Script computer on and and Script computer off?

Here’s my deal. I want to have a reference to a computer name and a switch associated with it. When the computer pings, I want it on. When it doesn’t ping I want it off. Here’s the thing though. When it’s off and I MANUALLY trigger it on, I want it to run a shell script I define. Similar to the turn_off on the wake_on_lan module. If it’s on and I MANUALLY switch it off, I want to run another script to turn off the computer. I tried this with success with the wake_on_lan module but won’t work for virtual machines that are off. Any help would be appreciated.

What hypervisor are you running? Hyper-V, VMware, VirtualBox, etc? I believe the latter two have the ability to enable WOL. You can look at this for Hyper-V

https://deploymentpros.wordpress.com/2016/11/28/wake-on-lan-for-hyper-v-guests/

Thanks for the reply. I am currently using VMware Workstation Pro 15.5. Note I did find one theoretical solution that hasn’t been updated since 2011 or something. It found all my virtuals but did not respond to WOL requests.

I wasn’t aware you could listen for WOL requests on one computer across multiple Mac Addresses but maybe there is a way to code something like this. A listener with hard coded addresses it listens for and scripts that trigger to launch a given virtual machine. Probably beyond the scope of HA. :slight_smile:

I saw that, but didn’t seem to have a CLI to it. Not seeing too much success with WOL and VMs

I am assuming your HA is on Linux.

You could run a MQTT on your Windows workstation: https://github.com/msiedlarek/winthing

Then setup a command in the winthing.ini to start the VM via VMware Workstation CLI: https://www.vmware.com/support/ws5/doc/ws_learning_cli_vmrun.html

So for the HA side, you could have a input_boolean switch that would it run a command to send a MQTT payload to the WinThing running on the PC that has VMware Workstation.
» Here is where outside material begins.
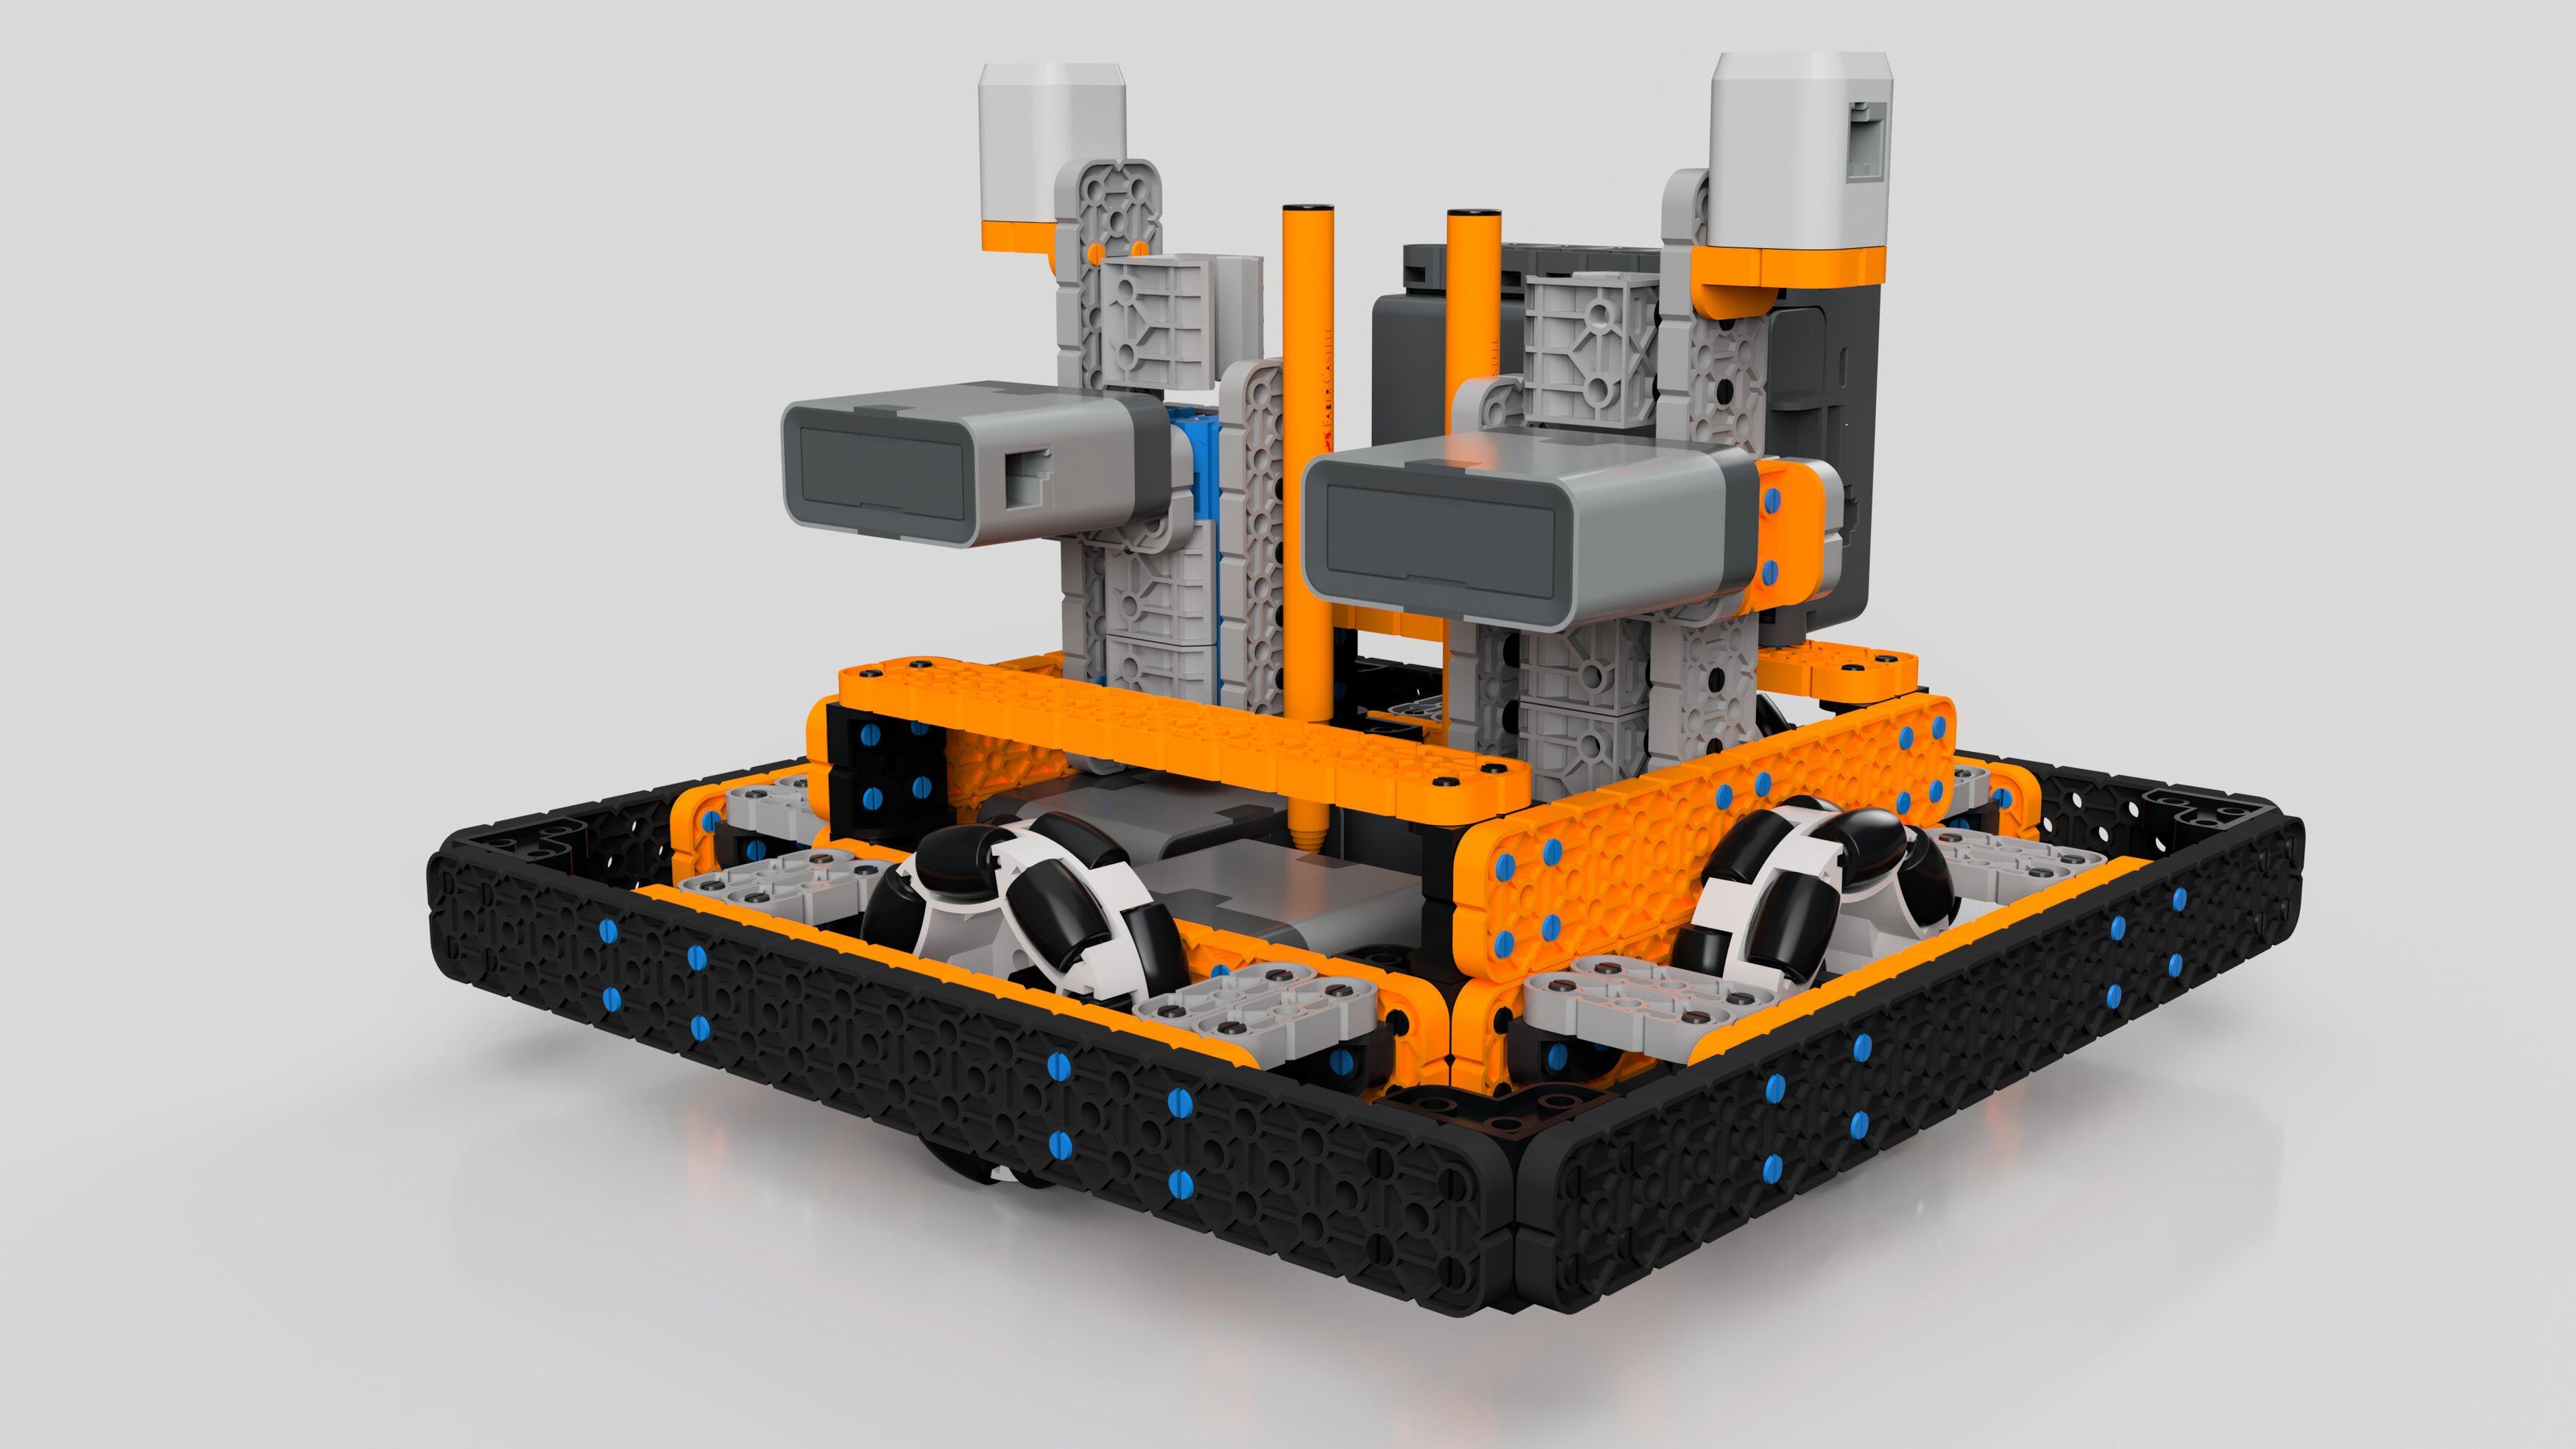 Robotics-pen-oficial-2-cores---fabrica-de-nerdes-2020-may-28-08-02-46pm-000-customizedview42742773772-png-3500-3500

Thanks for the info. Going to absorb your response more when I get home from work. For reference the tool I referenced is odd. If I download their WOL client it actually works, sees the request and launches all be it hidden which is annoying. If I use another 3rd party app it doesn’t respond to it. This is both local so no firewall issues or anything. Not sure if it’s something to do with the apps if they are using the IP of the machine or the subnet to connect but when I would try it with their app it worked. When I tried it with the third party app with either 255.255.255.255 or 192.168.0.255 for the broadcast address or even the IP of the box, with the appropriate mac address of course, it would fail.

OK so that was interesting. So installed the above WOL app again. Installed a DOS command line app and did:

WolCmd.exe 000C2994370A 192.168.0.8 255.255.255.0 7

So basically:
Mac Address: 000C2994370A
IP of Host Server: 192.168.0.8
Broadcast Address: 255.255.255.0
Port: 7

It works so this shows it does indeed work. However in HA I do:

- platform: wake_on_lan
  name: "ServerName"
  mac: "00:0C:29:94:37:0A"
  host: 192.168.0.8
  broadcast_address: 255.255.255.0

Nothing happens. Now here’s the thing. The switch is in the on position already as the host server is obviously on that VMware is on. So I switch the switch off and on again. Nothing happens. Now is it actually even trying to send the command? No idea.

Geezes. I just figured it out. The default ports for WOL are 7 and 9. 7 being the usual primary one from what I can see. Looks like the HA WOL platform is hard coded to 9. I switched it in the app and it’s triggering now.